Once or twice a noise fell upon his quick ear, and we halted, he standing revolver in hand in an attitude of defence. Each time, however, we ascertained that we had no occasion for alarm, the noise being made by some animal or bird startled by our sudden intrusion. Then we resumed our midnight journey in single file.

During half an hour we proceeded, he leading the way, directing his footsteps by marks upon the trunks of the trees, so near the ground that they would have escaped the notice of any but those who knew of their whereabouts.

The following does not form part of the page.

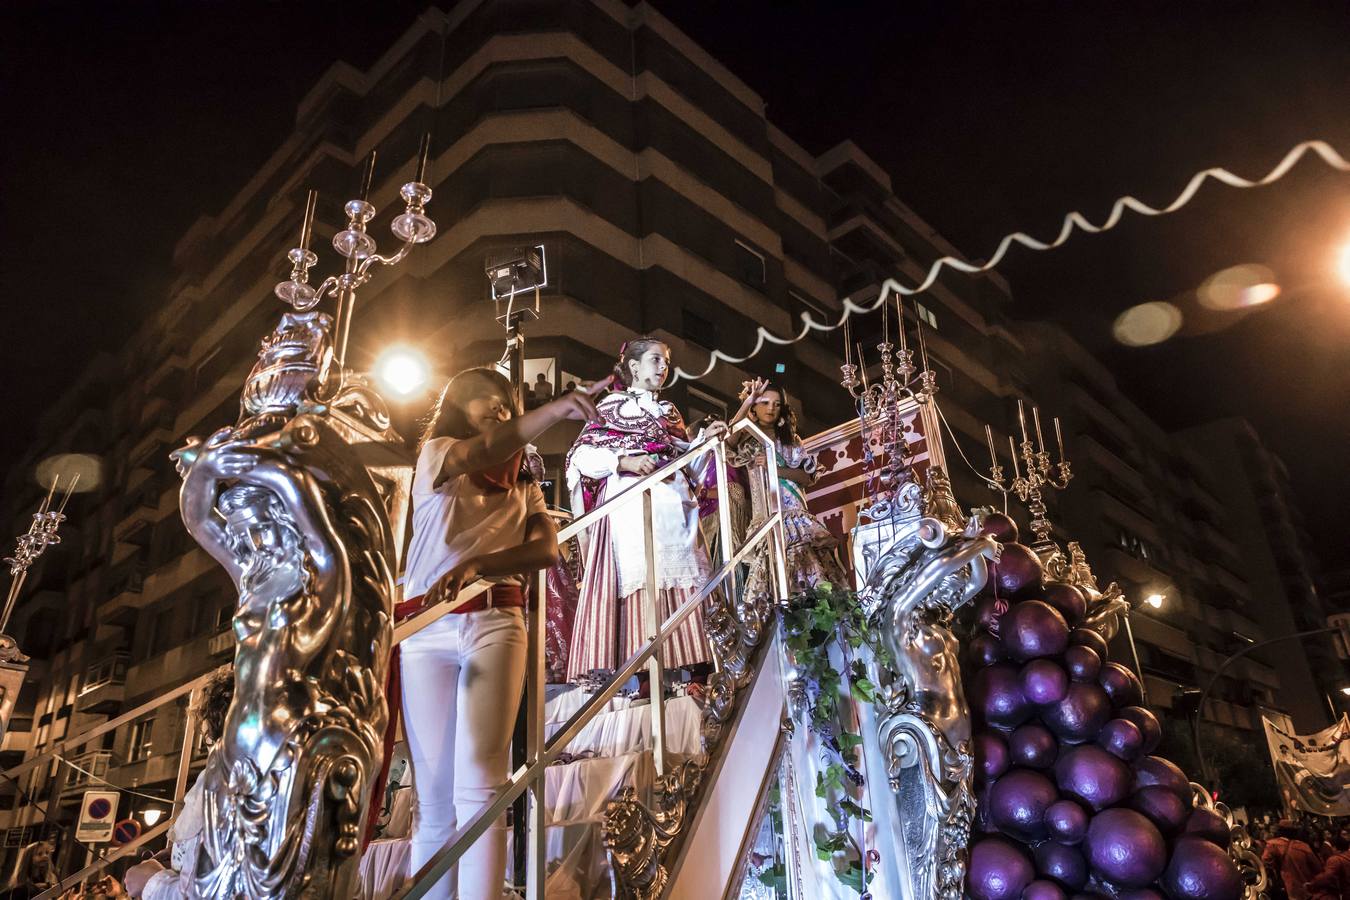 La carroza de la Federación de Casas Regionales, alusiva al lujo de disfrutar del Rioja en la mesa, ha ganado hoy el concurso del tradicional desfile de carrozas de las Fiestas de San Mateo y 61 Vendimia Riojana, de Logroño.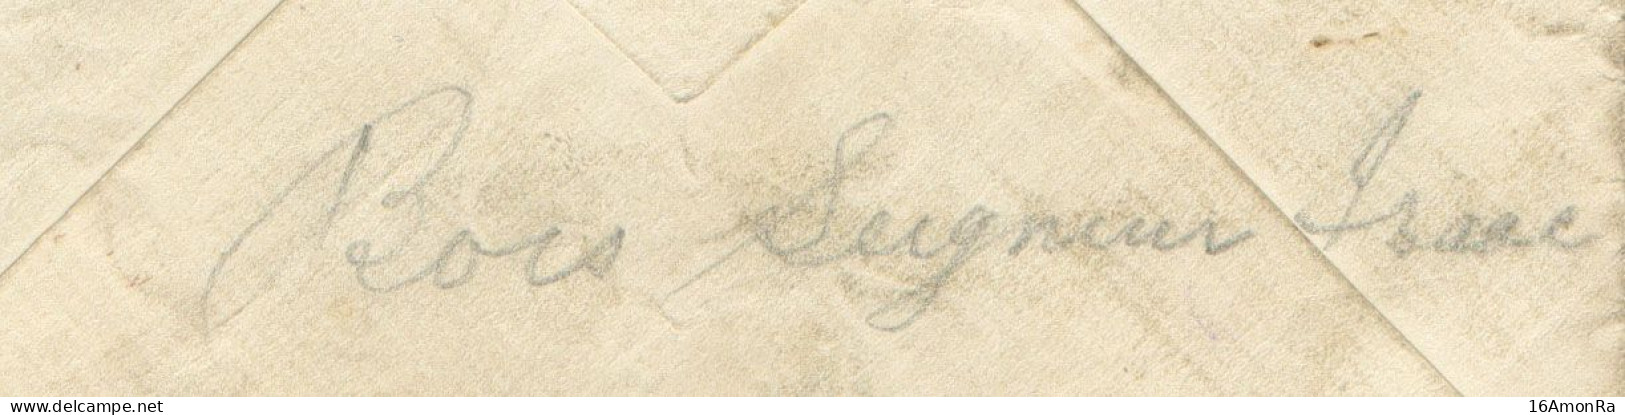 Enveloppe écrite Par Un Belge De Bois-Seigneur-Isaac (près Lillois Et Waterloo) Pour Compte D'un Prisonnier Britannique - Armée Belge

Once I thought I detected a dark figure between the trees, and fearing that it might be one of the sentries, whispered a word of warning to my guide, but he reassured me by telling me that we were skirting the frontier outside guarded territory, therefore there could be no danger. Nevertheless, as he turned to me, I thought his furrowed face looked darker, and his teeth gleamed whiter than usual.

We walked on. The forest was silent, save for the soft whisper of the pines. Without uttering any word I was following closely the footsteps of my guide, when suddenly, how it occurred I know not, I was conscious of being stopped dead by my evil-faced companion, who, with a quick movement, brought up his ready revolver to a level with my head.

Fate had played me an ugly trick. One thought remained uppermost in the chaos of wild, feverish fancies that seized me—the thought of the woman who was my wife.